Да. И я скажу, почему. Мы же очень умные, когда расследуем что-то, и очень наивные, когда пытаемся сделать что-то сами. Просить у людей по 100 гривен, 200 гривен, собирать эти огромные аудитории, объявлять сбор денег – мы соберем там 10 миллионов.
Во-первых, это непостоянно, никто не будет платить тебе 100 гривен в месяц (ну поверьте, у нас нет настолько сознательных людей). Даже в нашем круге людей, даже я не готов кому-то отдавать ежемесячно 100 гривен. Я хочу знать, на что я отдаю, а мы не та организация, которая может показать через месяц: вот, смотри, мы там снесли колонну. Поэтому краудфандинг не работает, он работает на точечные проекты, когда видишь здесь и сейчас результат. Вот убрали, тут помыли, здесь еще что-то.

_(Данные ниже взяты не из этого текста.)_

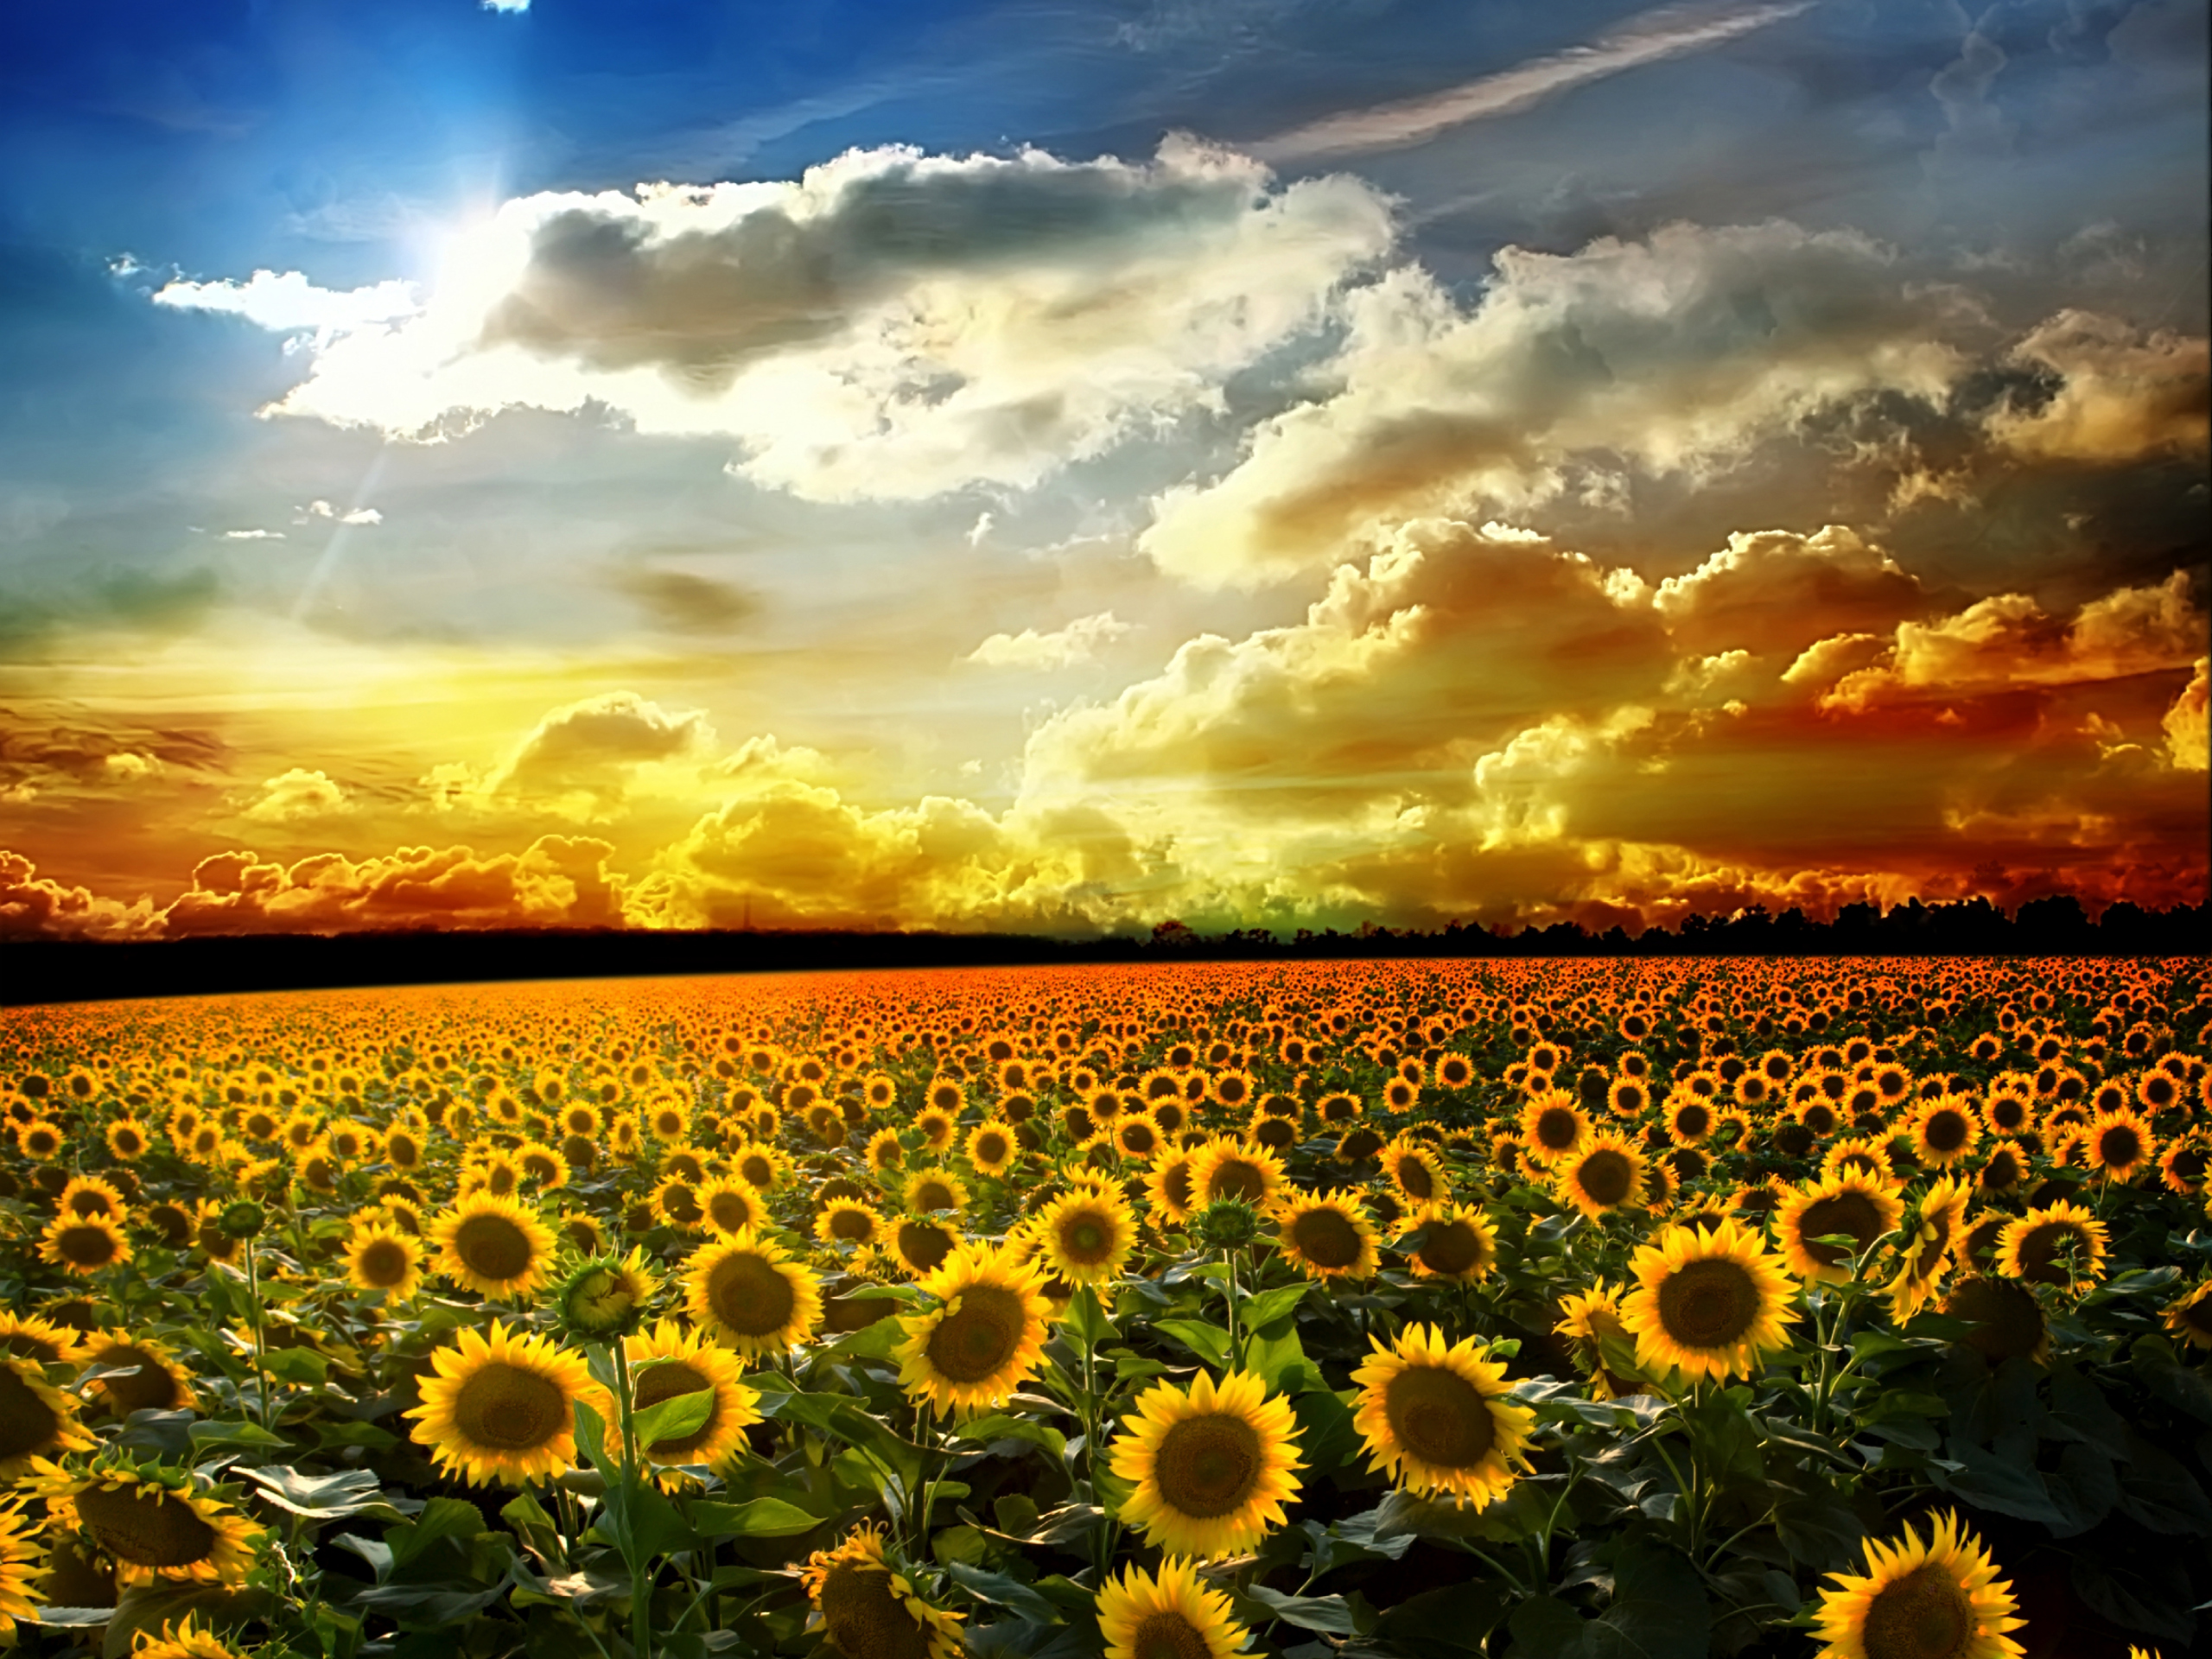 Sunflowers-73.jpg

Поэтому притворяться, делать из себя ангелов, и с наивными глазами говорить: мы собрали людей, нам скинулись, – ну чем мы тогда отличаемся, извините, от «Батькивщины», которая берет членский взнос?
Второе. Кто может давать деньги? Давайте реально смотреть. Люди с избыточным доходом, что могут часть отдать, – это бизнесмены. И дальше уже идет вопрос: насколько крупный бизнес мы готовы брать.
Мне кажется, деньги могут быть как ресурсом, так и антиресурсом. Деньги, полученные из неправильных источников, вредят. Я прагматично смотрю: у меня больше ничего, кроме репутации, нет. Завтра денег не будет, а останется репутация. Я не готов брать деньги, в законности происхождения которых я не уверен.
Наталья Курдюкова: У нас так много крупного бизнеса, где гарантированно честный доход есть, или все прозрачно?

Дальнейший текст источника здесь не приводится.